От неожиданности Синицын чуть было снова не свалился на дорогу. Он закрутился волчком перед воротами автопарка, нащупывая распахнутую калитку раскинутыми в стороны руками. Так и прошёл её, покачиваясь в стороны, словно нёс в своих руках большую и тяжёлую пачку стекол.
- Фу, ты, напасть! – прогоняя из-под капюшона набившуюся туда снежную пыль, негодовал Синицын, нагоняя смену и тоскуя по варёной сгущёнке, оставшейся на холодном ветру возле угла здания ремзоны.

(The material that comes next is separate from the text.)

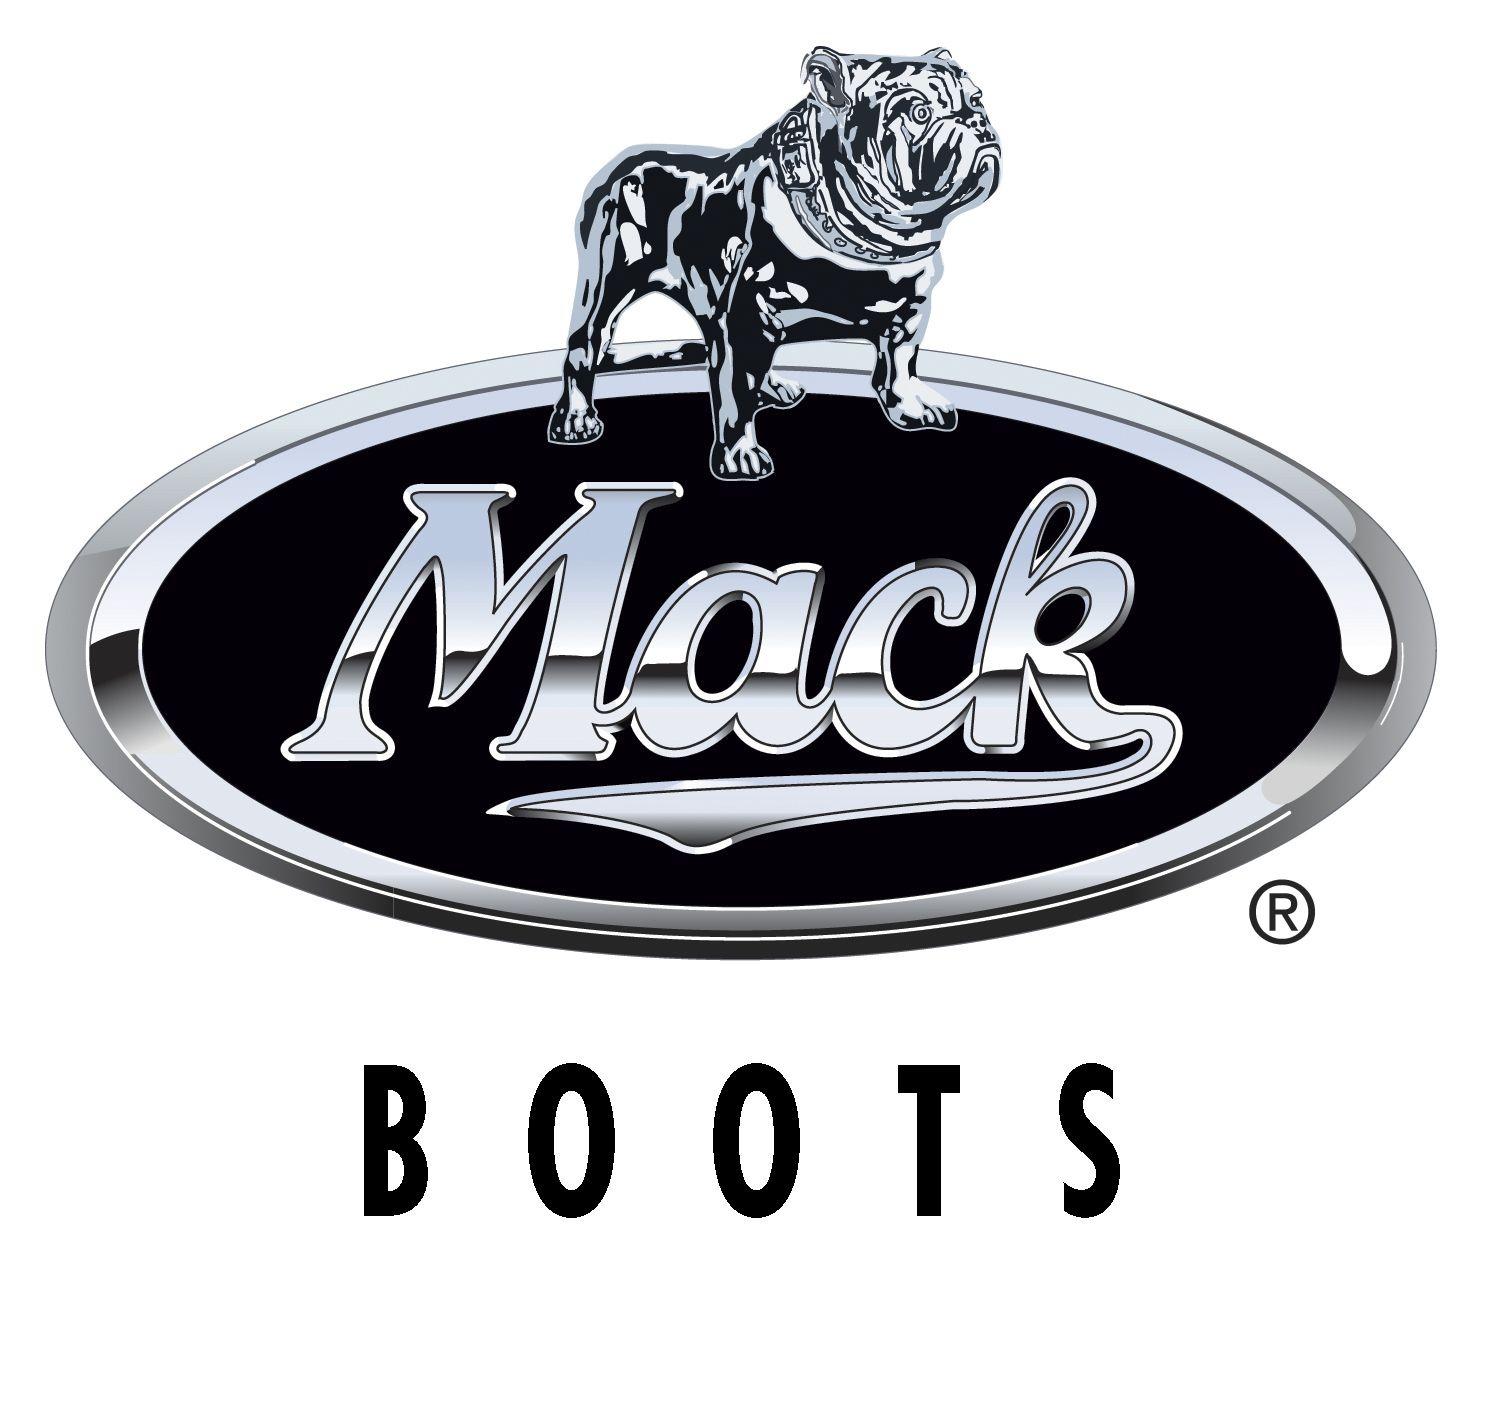 Mack Truck Bulldog Logo - Image - Mack Full Colour Logo BOOTS.jpg | Global TV (Indonesia) Wiki ...

Лёшка шагал вперёд и всё сдувал со своих ресниц мелкие капли влаги, вперемешку с прилипшим снегом. Он шёл, почти не разбирая дороги, мимо темнеющего неподалёку ряда техники, зимующей на открытой стоянке. Этот путь ему был уже хорошо знаком, он мог пройти его с закрытыми глазами, потому что заблудиться и пропасть на территории автопарка, со всех сторон окружённой зданиями и техникой, было почти невозможно. Синицын уверенно шагал следом за растаявшей на ветру сменой, лишь краем глаза цепляя в свою смотровую щель размытый свет внутренних фонарей автопарка.
- Так, вот ещё немного шагов - и будет подъём на вал, к часовому на пятом посту... – бормотал он, слизывая с верхней губы солёную испарину, - Ещё немного, и поворот! – произнёс он, повернул и упёрся головой в широкую радиаторную решётку темного исполина. 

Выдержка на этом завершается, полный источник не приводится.